§ Material provided:
╭──
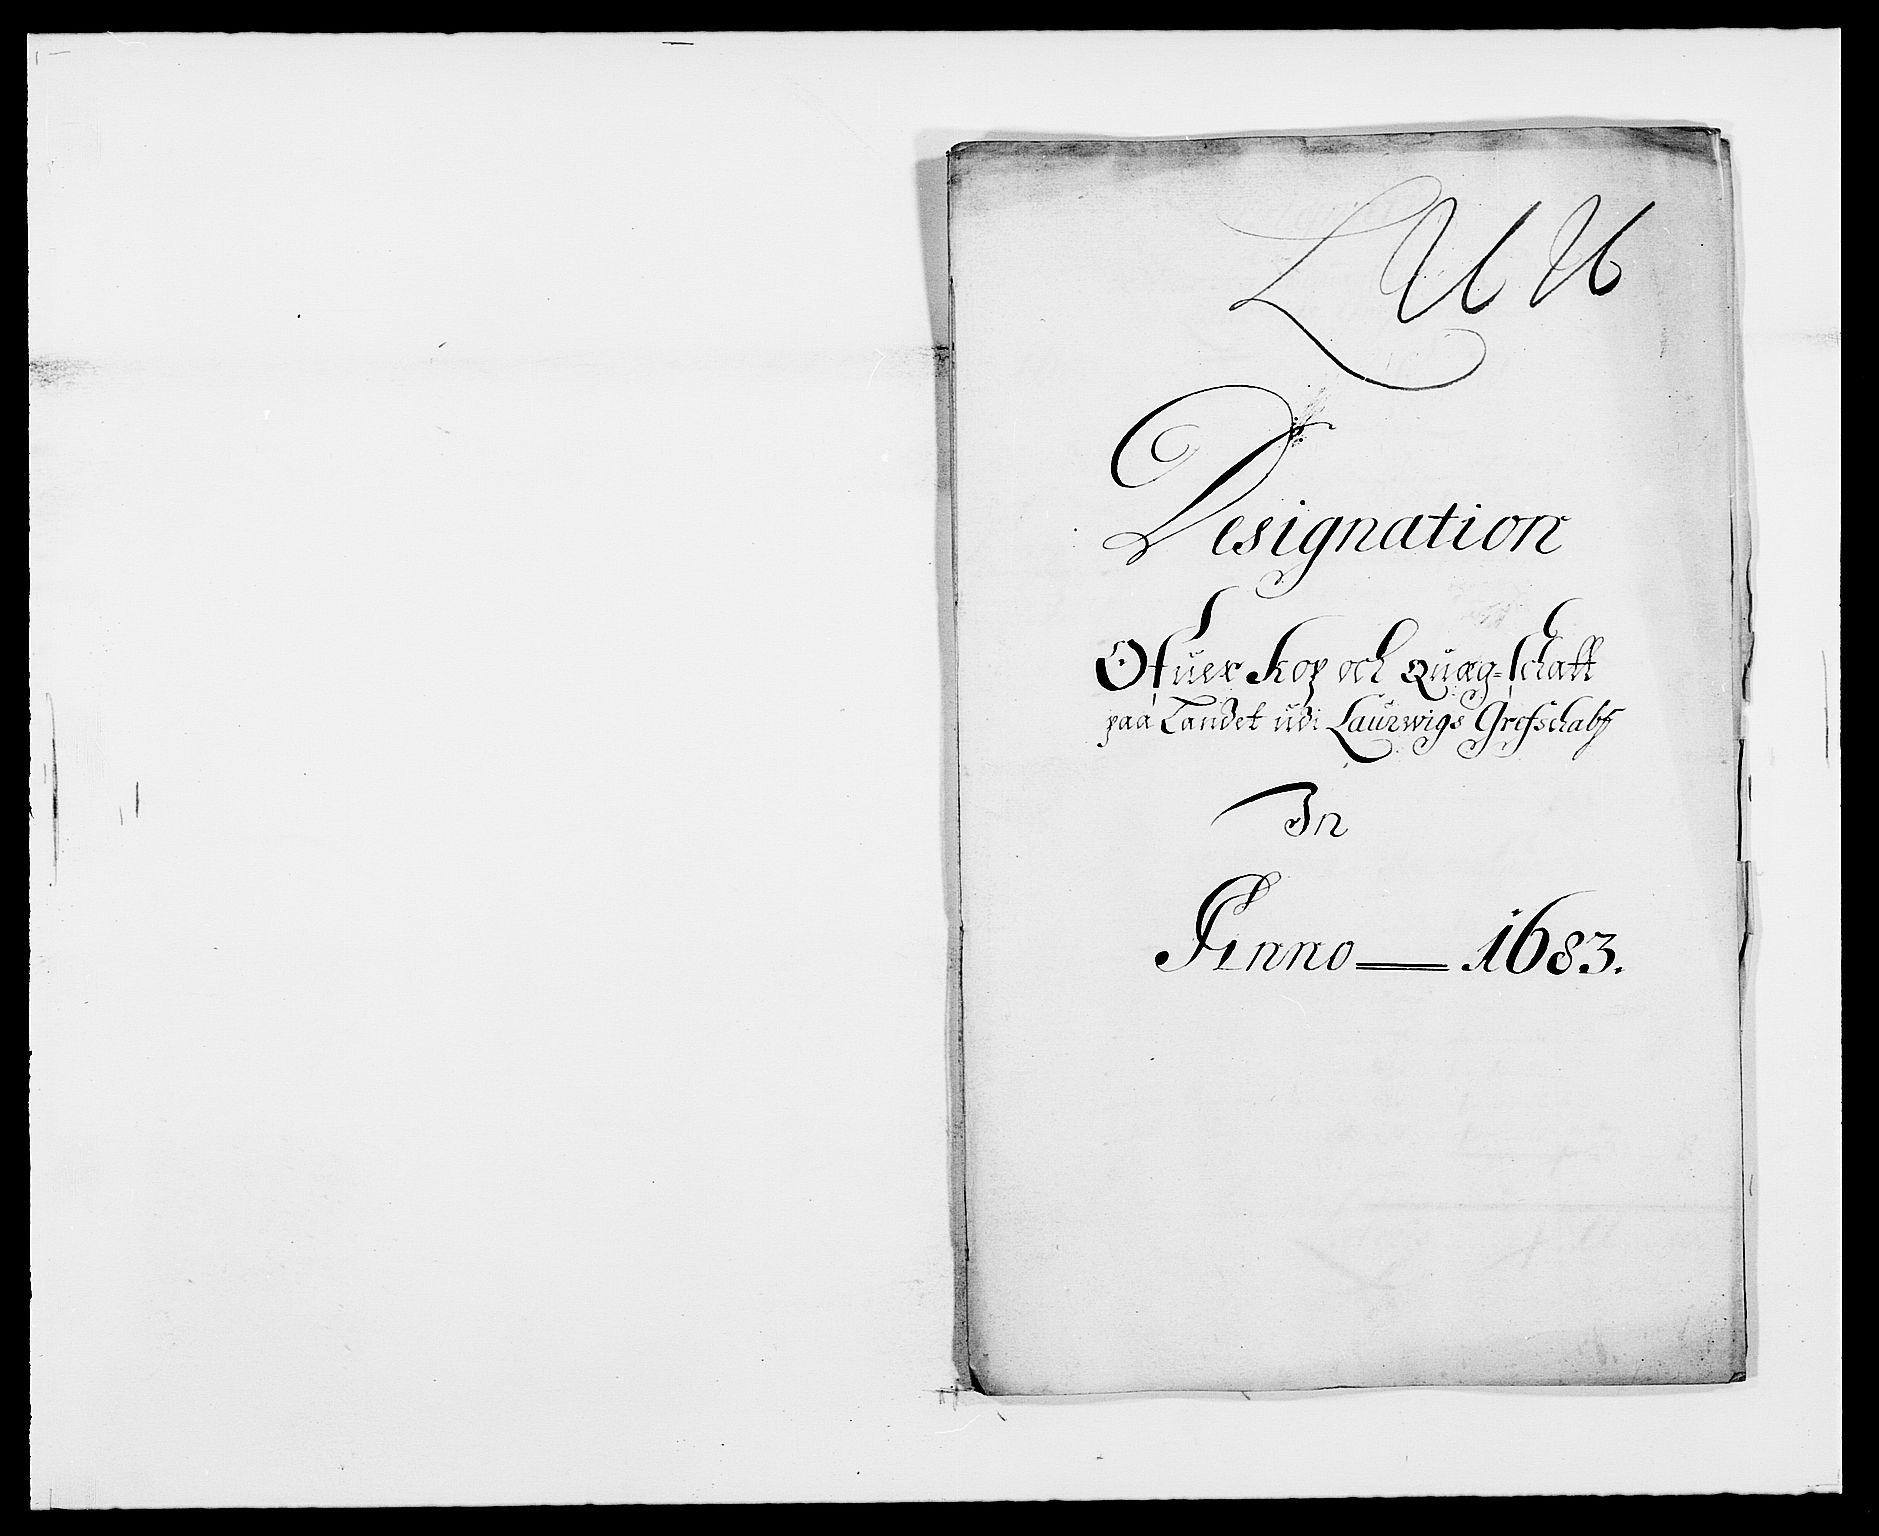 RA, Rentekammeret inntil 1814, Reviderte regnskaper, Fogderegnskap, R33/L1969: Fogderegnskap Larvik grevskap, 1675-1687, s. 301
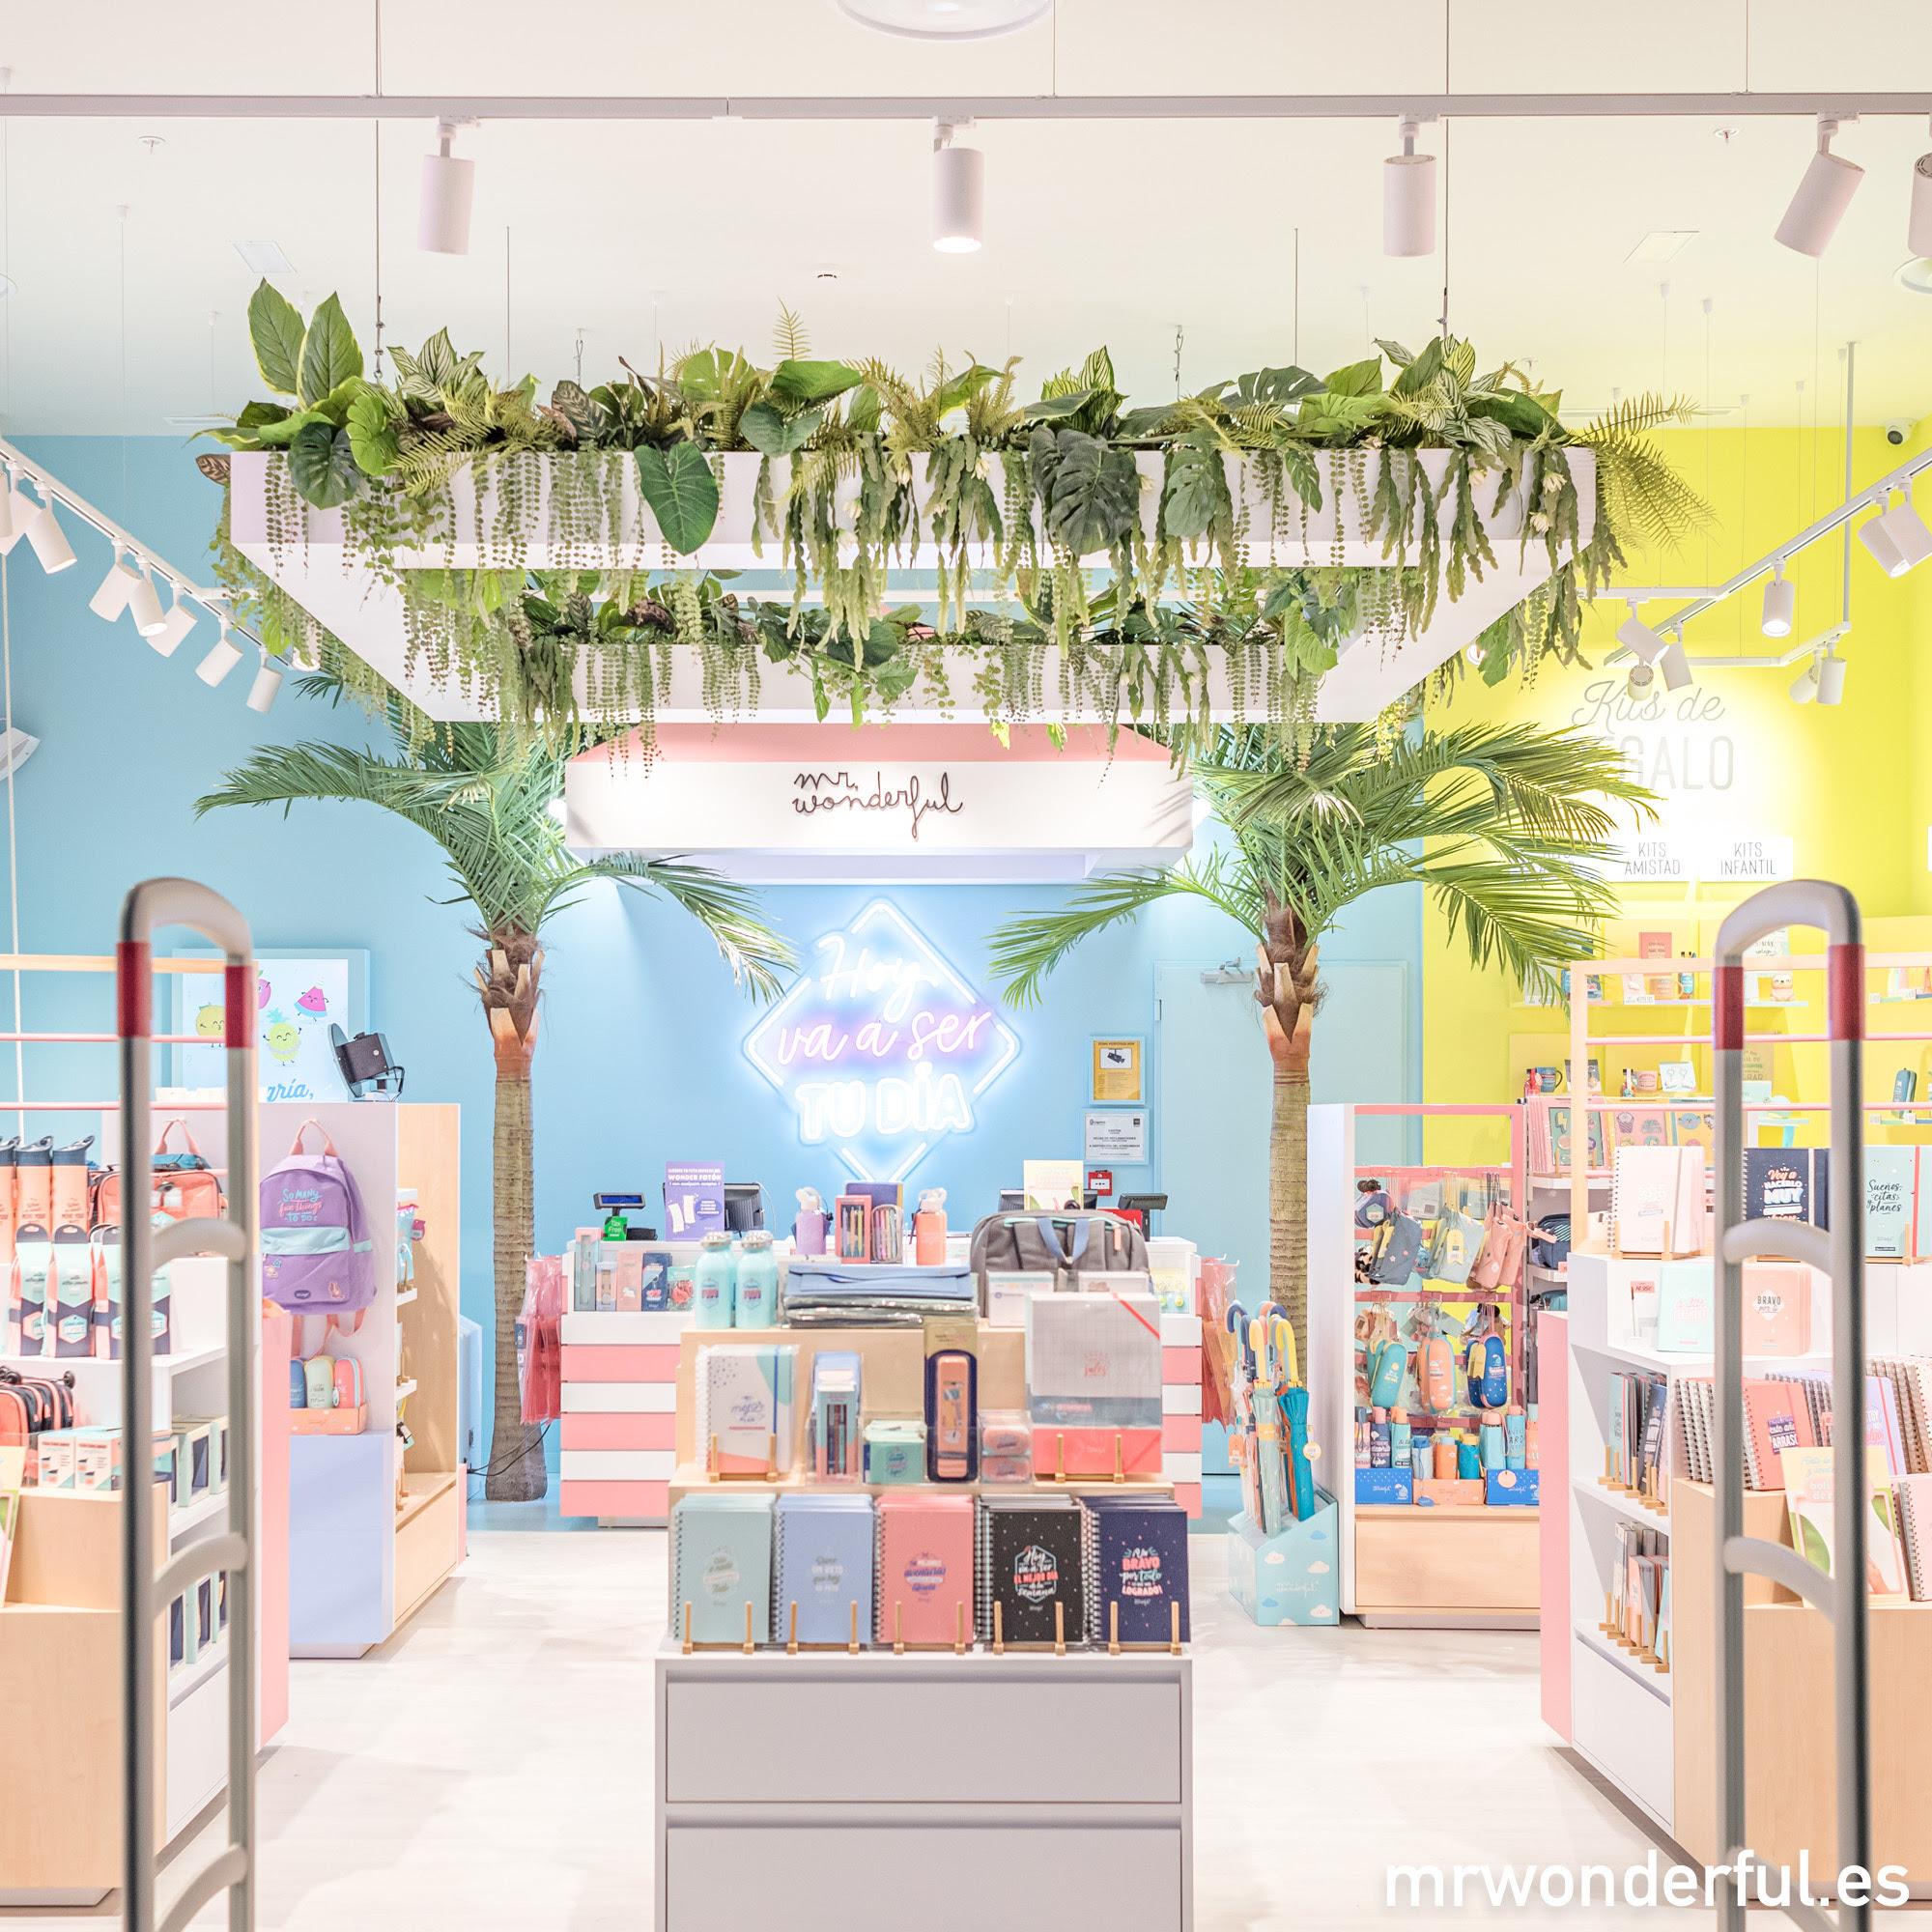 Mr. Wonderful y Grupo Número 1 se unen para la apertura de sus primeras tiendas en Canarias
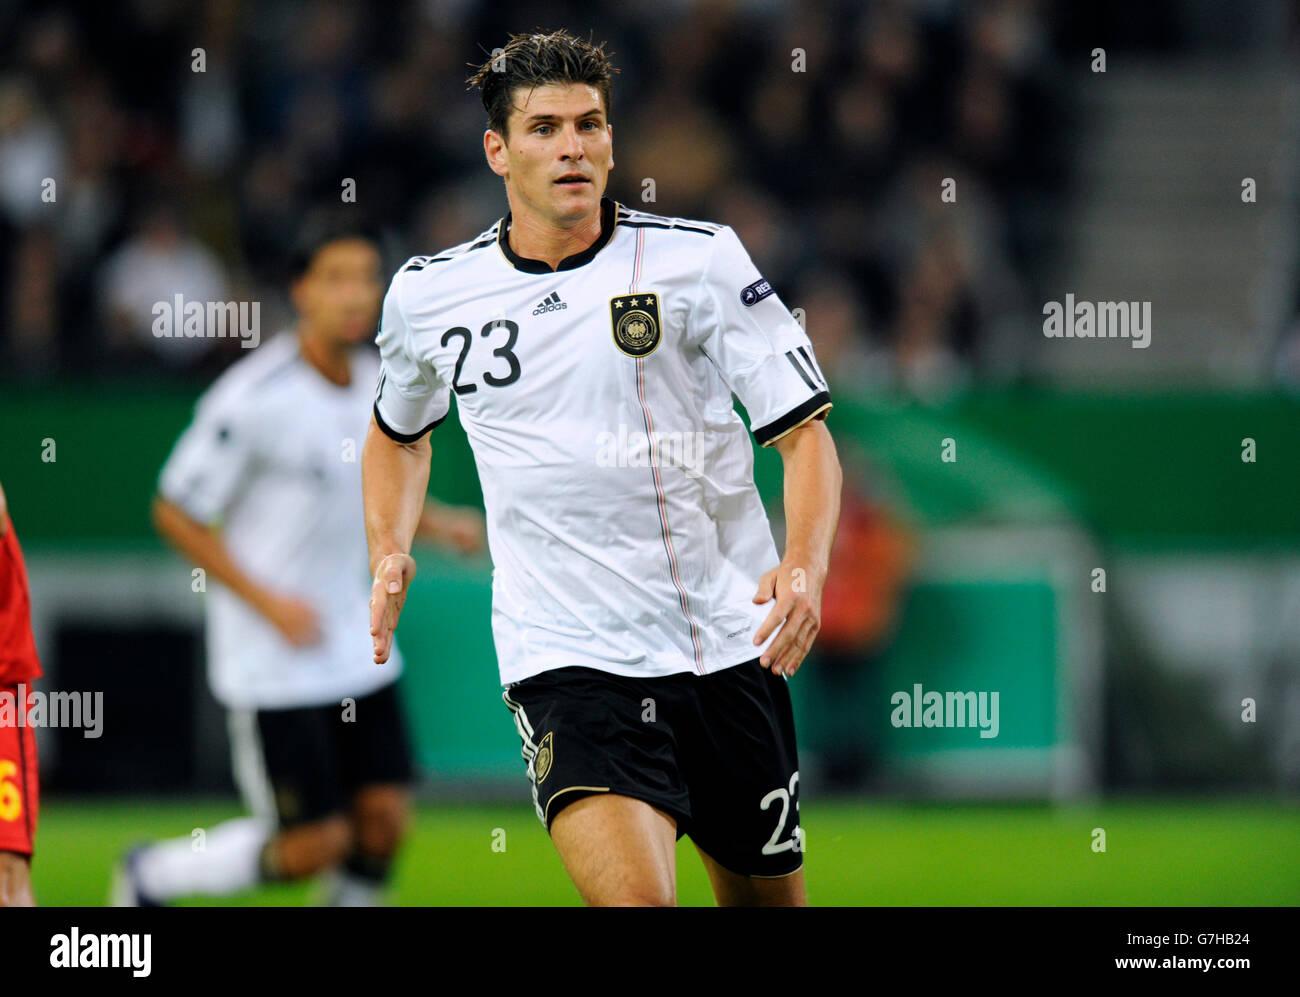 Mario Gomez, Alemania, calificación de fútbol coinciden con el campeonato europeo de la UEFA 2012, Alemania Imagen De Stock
╰──
§ The problem: The data above must be given back verbatim, minus its images.

§ Solution to the exercise:
 RA, Rentekammeret inntil 1814, Reviderte regnskaper, Fogderegnskap, R33/L1969: Fogderegnskap Larvik grevskap, 1675-1687, s. 301
 Mr. Wonderful y Grupo Número 1 se unen para la apertura de sus primeras tiendas en Canarias
 Mario Gomez, Alemania, calificación de fútbol coinciden con el campeonato europeo de la UEFA 2012, Alemania Imagen De Stock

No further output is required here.